# Medical Employment Limitation ( MEL )



## Hussar1987

All, 

Just received a notification of change of MELs.  I am an Armoured Officer and have been downgraded to O4 from O5 due to a heart issue.  Geographic is 4.  The MEL states that I unfit for operational military environments over 3 months.  

Is this me done?  To this simpleton I have got to be in breach of univerality of service.  Is this what I have to look forward to?  Med Release?

Any advice or perspective would be greatly appreciated.  I find the aval information (online) incredibly vague.  I cannot imagine a career without any opportunity to deploy again.


----------



## Ostrozac

Hussar1987 said:
			
		

> have been downgraded to O4 from O5



Generally speaking, the bigger the numbers, the worse your medical condition. So you can't be downgraded to 4 from 5. 5 is worse. 

Do you mean the other way around? That you used to be O4, you're now worse, and now you're O5? Or do you mean that your condition improved from O5 to O4?


----------



## Hussar1987

Good catch.  Yes; I am now a 4 and was a 5.


----------



## ModlrMike

It's good that you went from O5 to O4, but to keep some perspective, G4O4 does not have a good prognosis WRT retention.


----------



## Ostrozac

Based on my experience -- a member shouldn't be assigned a permanent medical category until the medical condition stabilizes.

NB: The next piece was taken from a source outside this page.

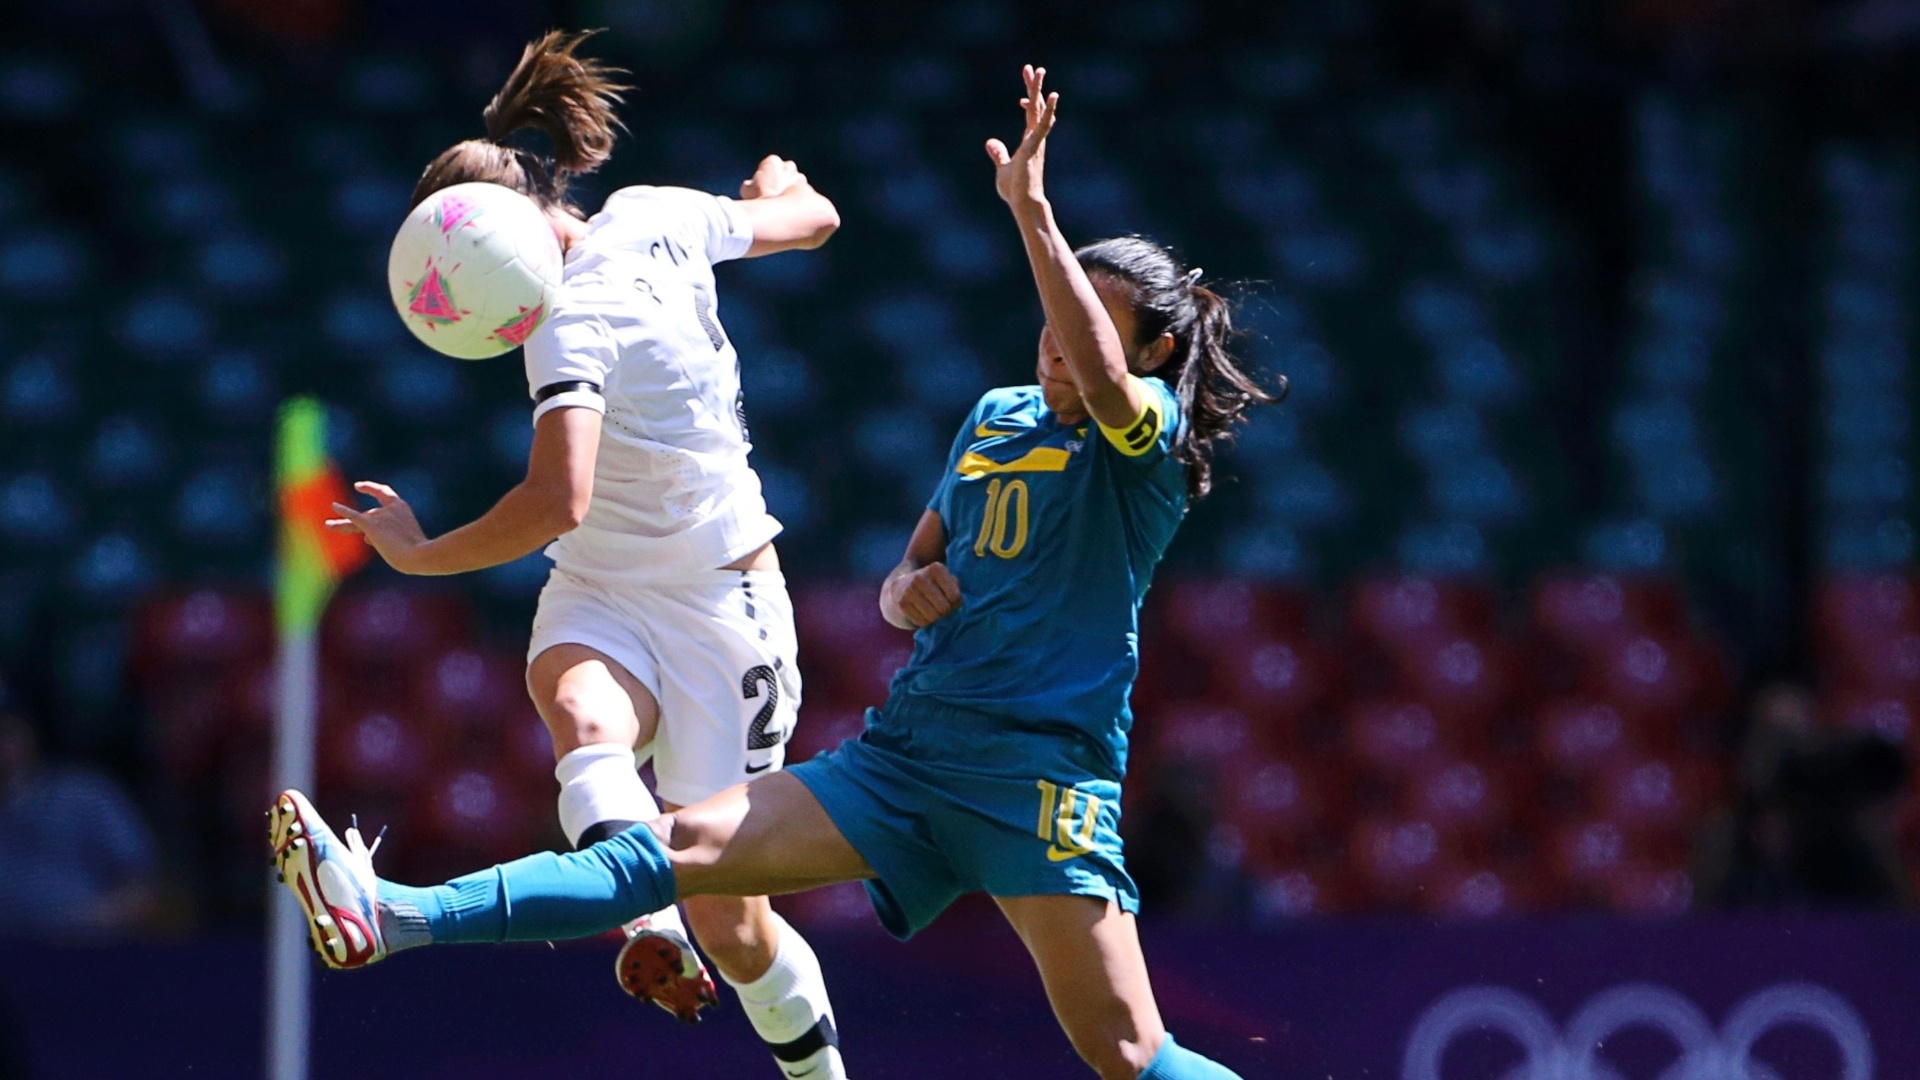 Marta disputa bola com Ria Percival, da Nova Zelândia, no segundo jogo do Brasil na Olimpíada

If the condition continues to improve, the member should be given the benefit of the doubt in the temporary medical category world.

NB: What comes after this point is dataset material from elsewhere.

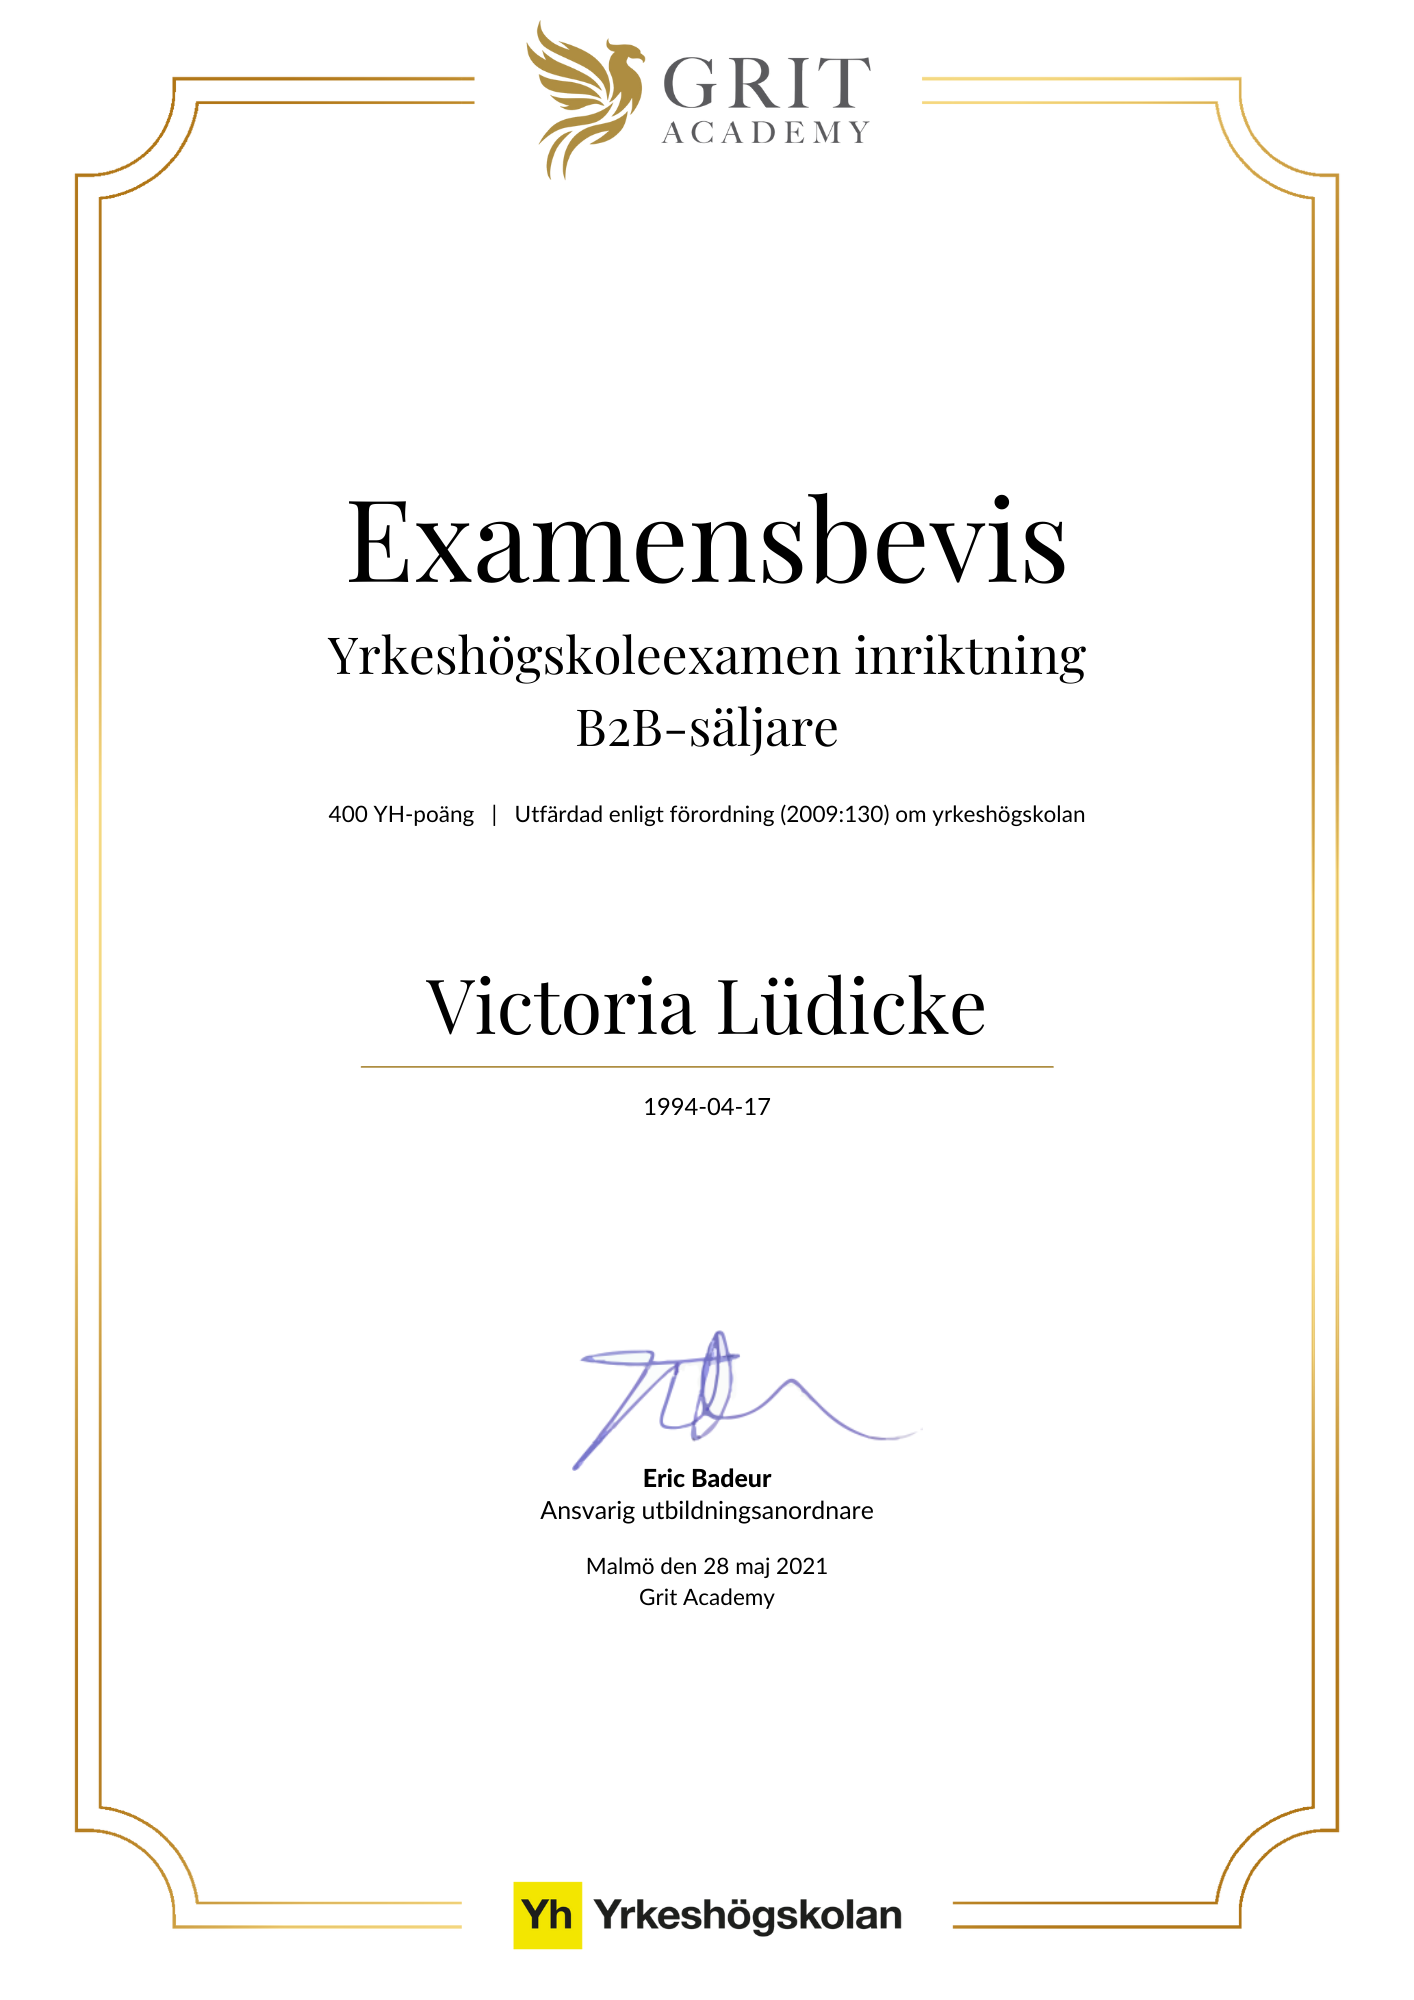 Examensbevis Victoria Lüdicke - 1

Once the condition stabilizes long term, and a permanent medical category is assigned, then you start getting into the world of retention, accommodation, etc... And as stated, 04G4 isn't a great medical category.


----------



## CombatDoc

Is this a PCAT or TCAT?  If it's a PCAT, the permanent MELs will be assigned by D Med Pol, and if significant these will then be forwarded to DMCA for their adjudication re: Retain without Restriction/Compulsory OT/or Release.  With a PCAT of G4O4 and a limitation of "unfit deployment for periods > 3 months" the prognosis for continued service is not good, but, DMCA will make that decision regarding your career.  I recommend that you contact your local MO and Case Manager for further advice WRT the way ahead.


----------



## CountDC

uh uh - not absolute on the DMCA deciding.  New policy came out 1 Jul that may place it in the CO's hand.  DMCA will decide if it is low or high risk PCAT and MEL.  If low risk then they will send an advisory to the unit and the CO will have the option of retention without restrictions, retention with restrictions or recommend for release.  If high risk then DMCA will continue the process.  I received both types from them in the last two weeks.


----------



## xo31@711ret

nothing is absolute; I've been retired from the regs since 06; my last posting was as a Sgt at CFCC Freddy-town & BMC Gagetown doing medicals; *G4* from what I remember, was unfit because of medical limitations  or because of the unacceptable risk to the health and/or safety ;
(*G5* required scheduled specialist medical care more frequently than every six (6) months; basically meaning unfit for extended overseas employment, ships, etc  (an area that does not have ready access to FULL  medical services). Back in the 'good ol' days' of the 80's and 90's such individuals were sometimes given a base and-or desk job. But from what I understood, a person with a G4 (or G5) is  taking up a numbered position. For example a cbt arms soldier who is undeployable. So ,does the CO want an individual who cannot deploy?Is this fair? Perhap, perhaps not, depends on your opinion. Is this still the same? Probably not; like I said I retired from the regs in 06. Mike might know as retired same trade a couple years ago as a C2.


----------



## CombatDoc

Since I'm not retired and do actually wear a medical cap badge, I can tell you that a G4O4 PCAT is not going to be going to a CO for decision.  G4O4 permanent will be reviewed by DMCA.   The policy authorizing CO's to make this determination is only for "low risk" MELs - a G4O4 would not fall into this category.  You can argue that, but you'd only be wrong.


----------



## Onthewayout

Hello!

I have recently been put on a P-CAT, most of my MILs are pretty clear but there is one that leave room for interpretation...."Clerical work only"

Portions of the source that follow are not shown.